Apothekenwirtschaftsdaten

2019: Weniger Apotheken, mehr Engpässe, mehr OTC-Versand

Berlin/Kiel - 04.06.2020, 15:59 Uhr

Die Apothekenzahl ist im vergangenen Jahr weiter gesunken, wobei der Apothekenumsatz der verbliebenen Betriebsstätten leicht stieg. Ebenfalls gestiegen sind der OTC-Versand und die Zahl der Lieferengpässe. (s / Foto: imago images / Westend61)

Die Apothekenzahl ist im vergangenen Jahr weiter gesunken, wobei der Apothekenumsatz der verbliebenen Betriebsstätten leicht stieg. Ebenfalls gestiegen sind der OTC-Versand und die Zahl der Lieferengpässe. (s / Foto: imago images / Westend61)


Die ABDA hat am heutigen Donnerstag die Wirtschaftsdaten der Apotheken für das Jahr 2019 in einer Videokonferenz vorgestellt. Die Daten zeigen, dass sich die bestehenden Trends fortgesetzt haben: Die Zahl der Apotheken sank und der Umsatz der Durchschnittsapotheke stieg. Sehr deutliche Entwicklungen gibt es weiterhin im Bereich der Arzneimittel-Lieferengpässe. Und: Der Marktanteil der Versandhändler im OTC-Markt ist erneut gestiegen.

Claudia Korf, ABDA-Geschäftsführerin für Ökonomie, berichtete, dass die Apothekenzahl seit 2014 sogar beschleunigt zurückgehe. Im Berichtsjahr 2019 habe sich der Trend zur Filialisierung wieder verstärkt. Bei den Filialen habe es 2019 weniger Schließungen und mehr Übernahmen gegeben. Im Berichtsjahr sank die Gesamtzahl der Apotheken in Deutschland von 19.423 auf 19.075, die Zahl der Filialen stieg von 4.541 auf 4.602.

Trotz der sinkenden Apothekenzahl hat die Zahl der Beschäftigten in Apotheken weiter zugenommen, sie stieg auf 160.588 (Vorjahr: 159.141). Davon seien etwa die Hälfte Teilzeitbeschäftigte – und diese hätten wesentlich die Mehrarbeit in der Coronakrise geschultert. Diese sehr flexible Reaktion spreche für die Leistungsfähigkeit dezentraler Strukturen, folgerte Korf. Der Frauenanteil in den Apotheken ist weiterhin hoch: Knapp 90 Prozent aller Beschäftigten sind weiblich.

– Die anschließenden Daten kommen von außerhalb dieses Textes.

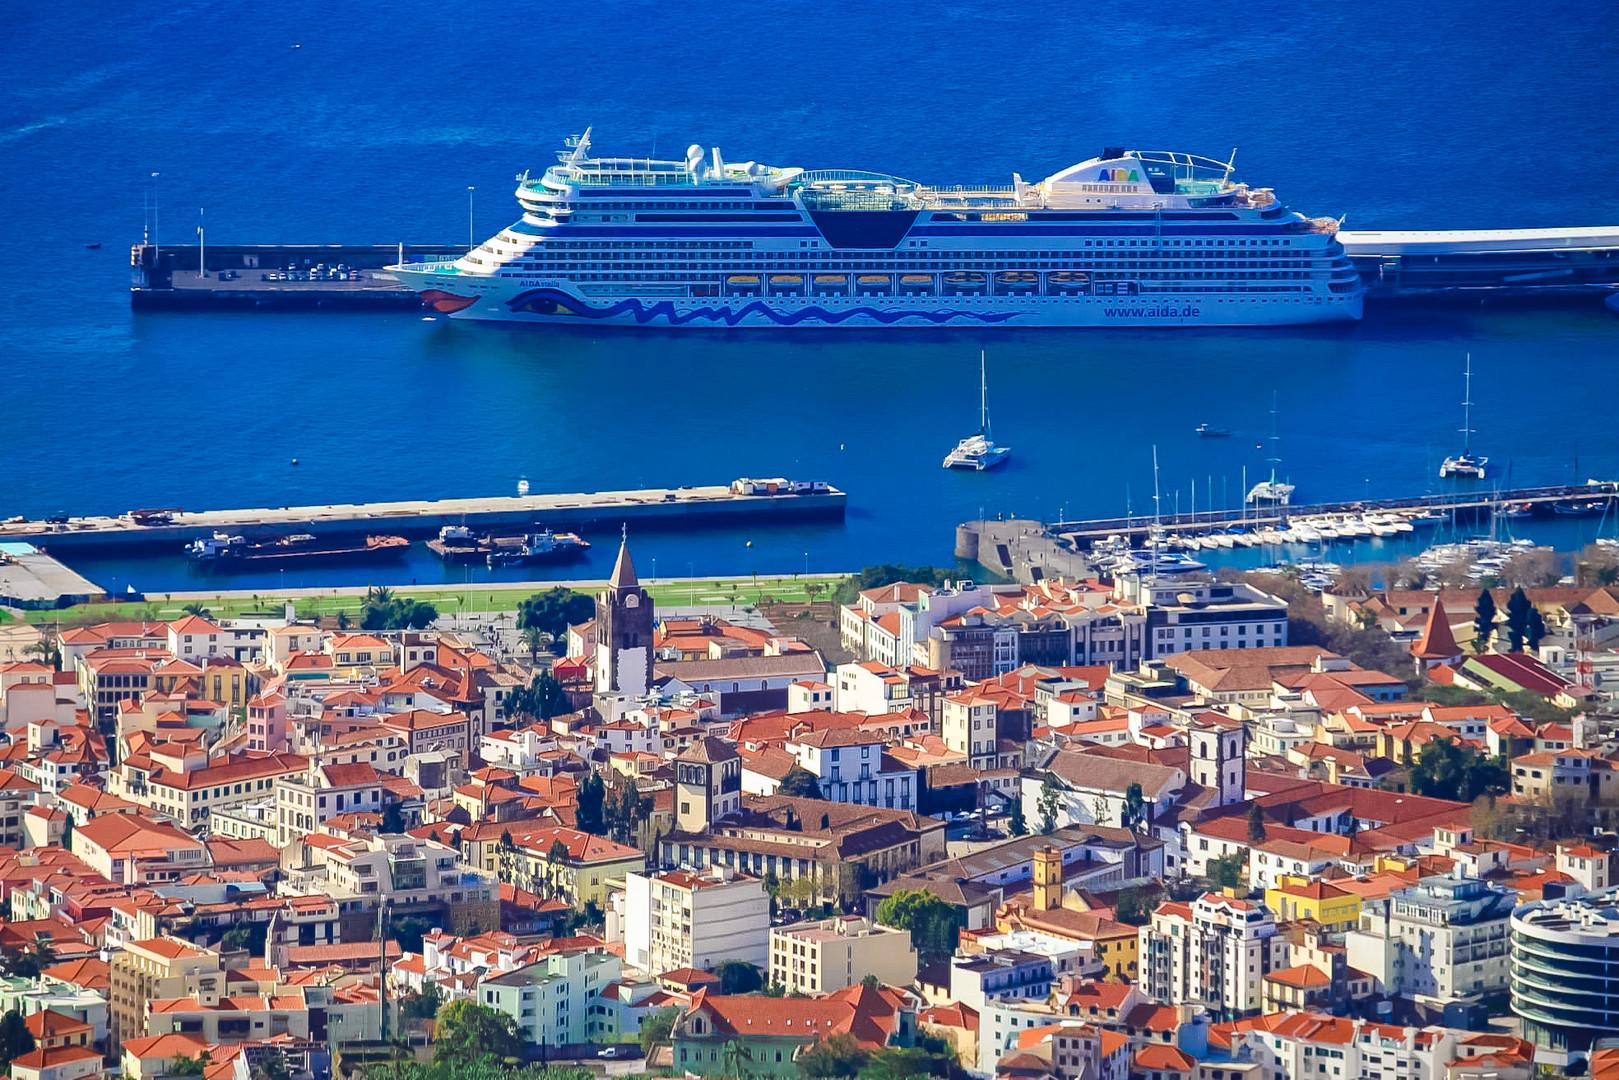 Porto Of Funchal - Madeira Island

Die ABDA hat auch analysiert, in welchen Tätigkeitsbereichen die Zahl der beschäftigten Apotheker am schnellsten gewachsen ist. Mit rund 830 wuchs die Zahl der in öffentlichen Apotheken angestellten Apothekerinnen und Apothekern im Vergleich zu anderen Beschäftigungsbereichen am schnellsten. 370 Approbierte wurden neu in der pharmazeutischen Industrie angestellt, 94 Apothekerinnen und Apotheker nahmen ihre Arbeit in einer Klinikapotheke auf.

Entwicklung der Apothekenzahl im Jahr 2019 im Detail. (Grafik: ABDA)

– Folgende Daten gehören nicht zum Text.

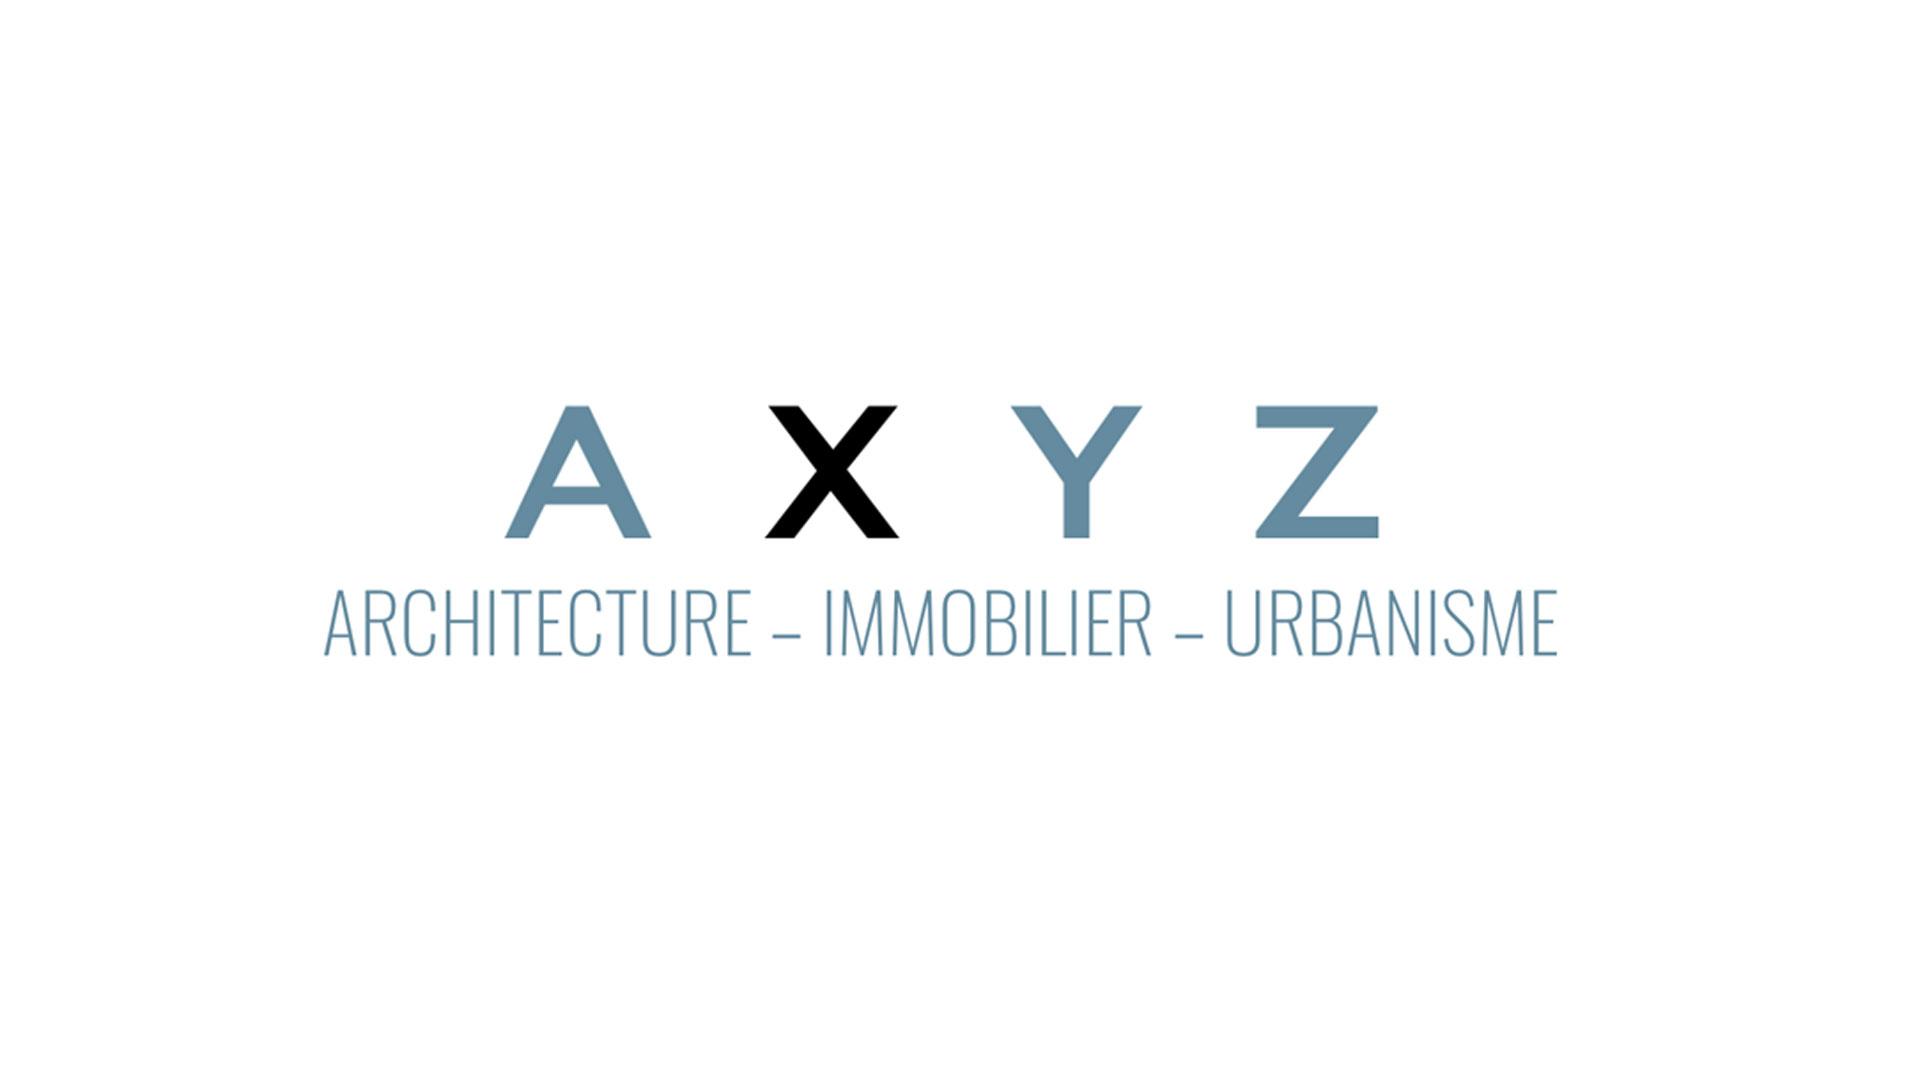 logo AXYZ Arhitecture, Immobiler & Urbanisme

Immer mehr Rx-Arzneimittel

Außerdem betonte Korf den immer weiter steigenden Anteil der Rx-Arzneimittel. Im Jahr 2019 betrug ihr Anteil am Absatz 55,3 Prozent und am Umsatz sogar 81,7 Prozent. „Die öffentliche Apotheke lebt von Rx-Arzneimitteln“, sagte Korf. Doch das Umsatzwachstum sei klar auf den anhaltenden Trend zu hochpreisigen Arzneimitteln zurückzuführen. Kurz ging die ABDA-Ökonomiechefin auch auf den OTC-Versandhandel ein. Mit Blick auf den Absatz liege der OTC-Versand inzwischen bei einem Marktanteil von 15,4 Prozent, das entspricht einer Steigerung von 7,3 Prozent im Vergleich zum Vorjahr. Beim Umsatz hat der OTC-Versand sogar schon einen Anteil von 16,4 Prozent.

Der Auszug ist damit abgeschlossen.